Here are some healthy changes you might consider with your nutrition in 2019.
1. Remove one meal out per day and replace it with a meal at home. Progressively increase this every week.
2. Phase out your sugary morning beverages by slowly ordering a less sugary version of it (i.e., “half pump”), and then, pick a day each week where you nix it altogether. Gradually increase those days.
3. Schedule a recurring day of the week that you buy groceries and always buy for just one week. If you can, try to prepare at least your carbohydrates for the week that evening while motivation is fresh (i.e. slice and bake a tray of potatoes, boil a few cups of rice, etc). This will make meal creation during the week much easier.
4. Begin logging everything that you eat. Doesn’t have to be in a food tracking app and shouldn’t be for the purpose of calories or precision. Just log, and observe at the end of each week. Chances are some glaring opportunities will present themselves.
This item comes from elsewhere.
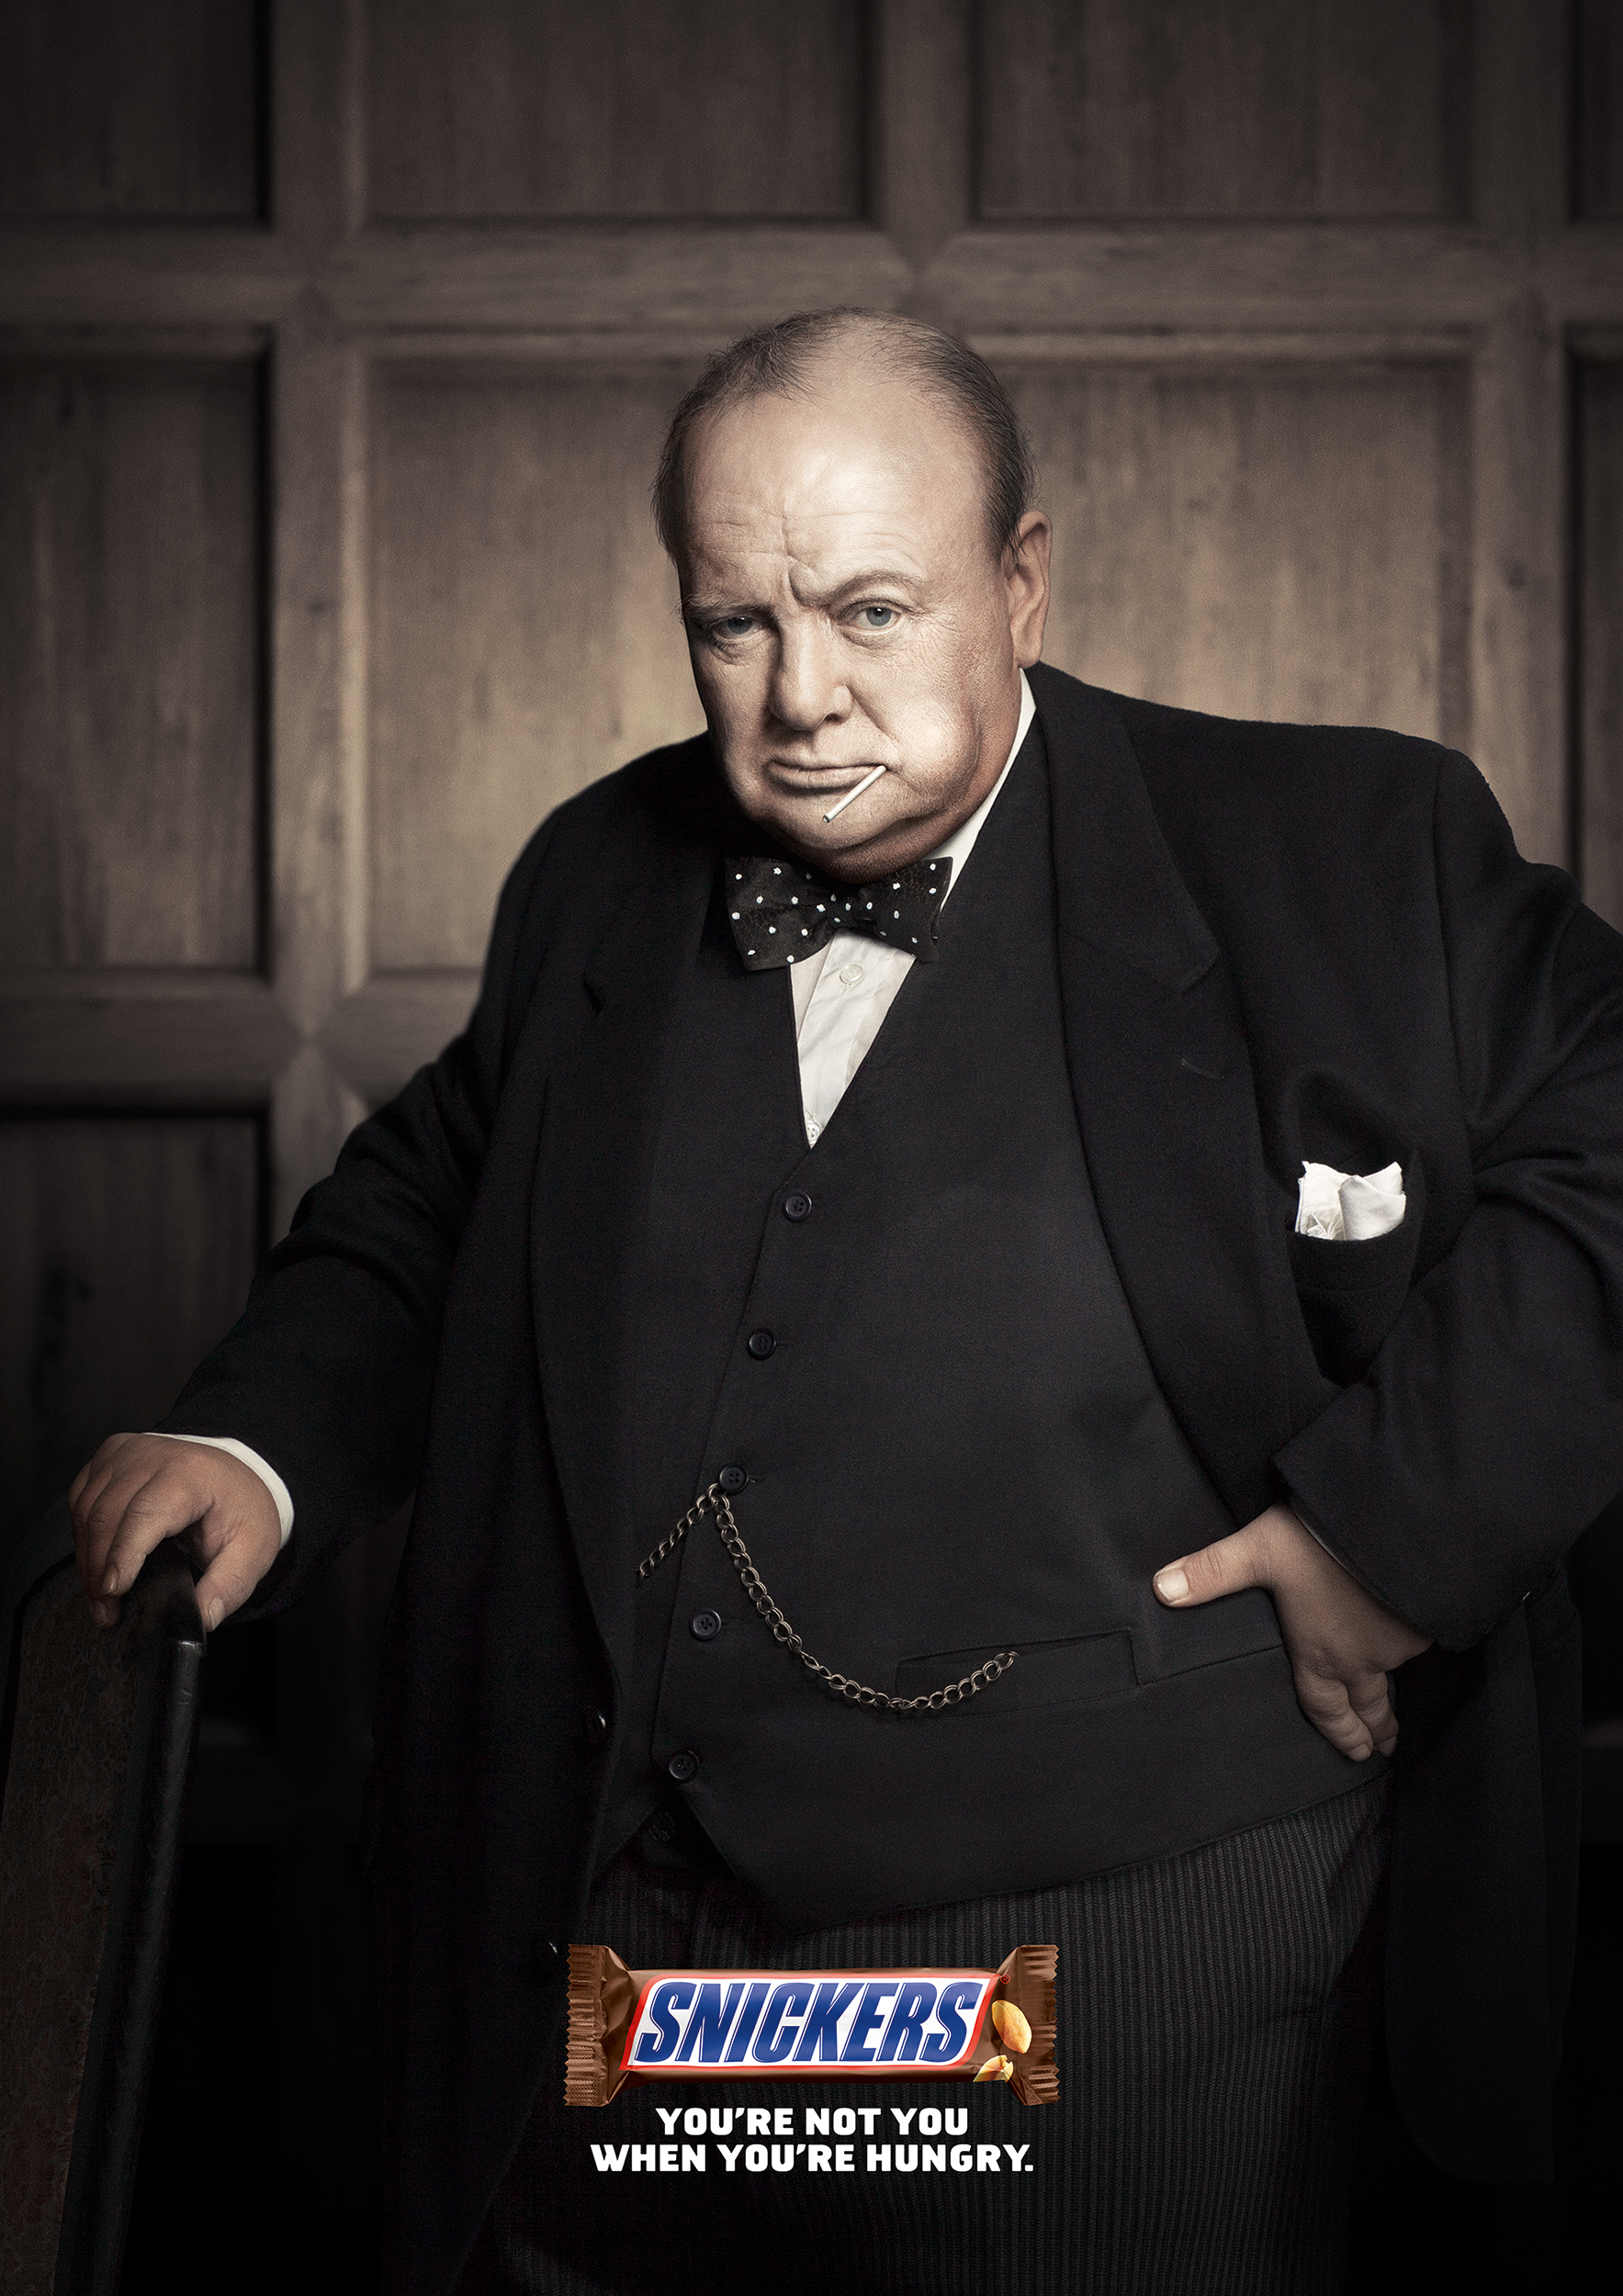 You’re not you: British Edition. Churchill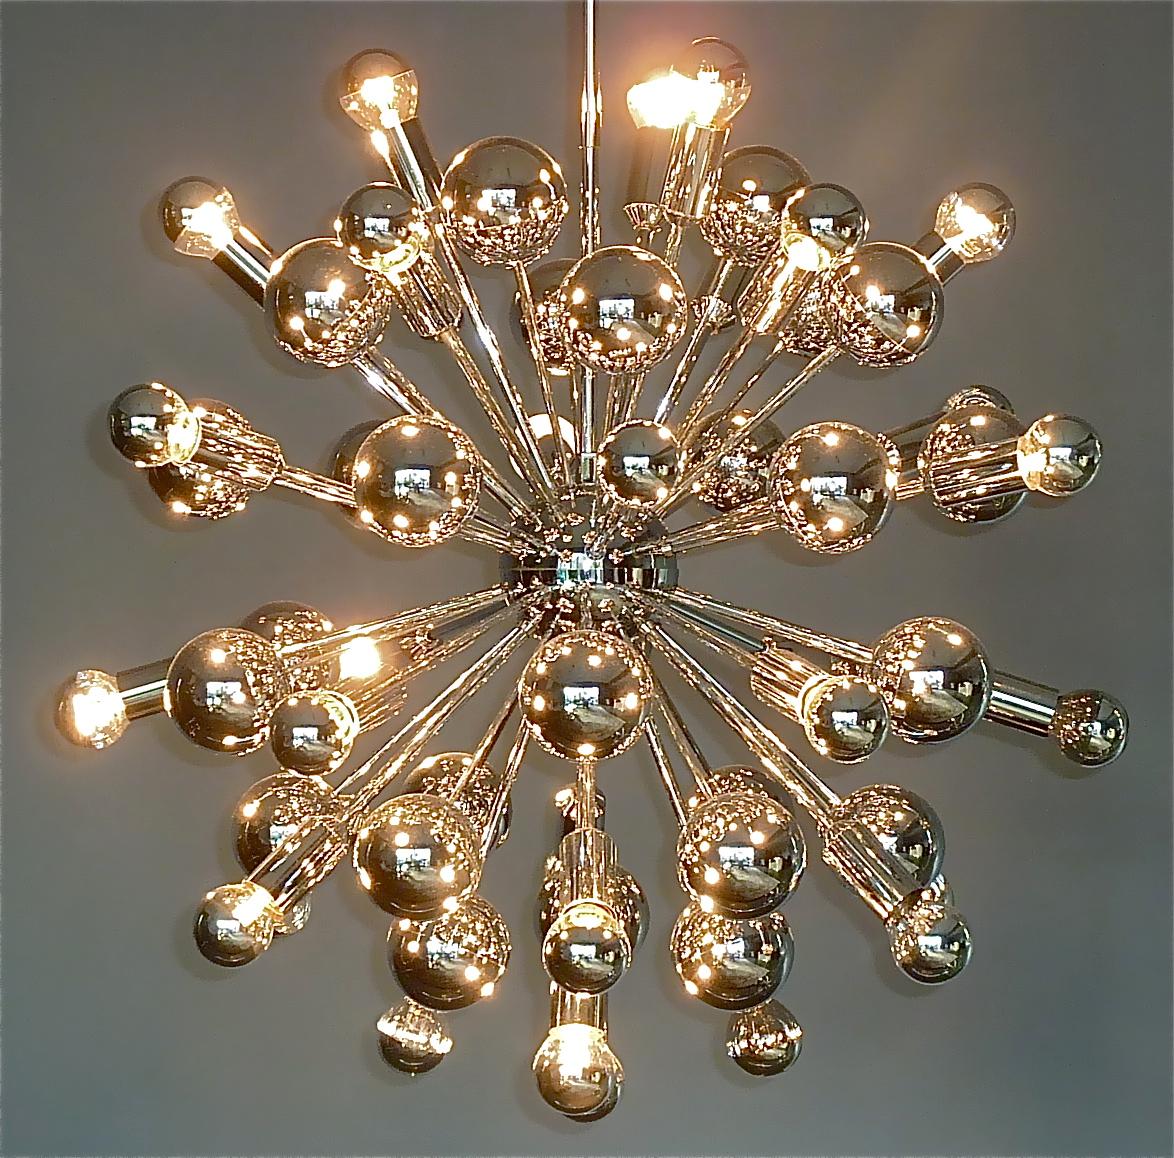 Gorgeous huge 1960s to 1970s chrome brass metal sputnik style light fixture in atomic star burst shape with chrome ball ends and 31 light sockets. The spectacular Italian or German orbit light sculpture in Stilnovo Style is 104 cm / 40.94 inches

5. Find ten foods that you like and get creative with meal prep. You don’t need lots of variety to get taste and results. As you start, try to think about healthy, whole foods making up your meals but feel free to be liberal with sauces. Those can be addressed later once habit formation around the food sticks.
6. If you struggle with breakfast timing, make a large batch of scrambled eggs once per week. Store them and re-heat in the morning. Microwaving is better than a Starbuck’s muffin.
7. Have a healthier alternative go to for when you need something sweet. A good example is flavored Greek Yogurt with fruit and some honey, or even Halo Top. Again, start with sustainable changes and slowly chip away at your decisions.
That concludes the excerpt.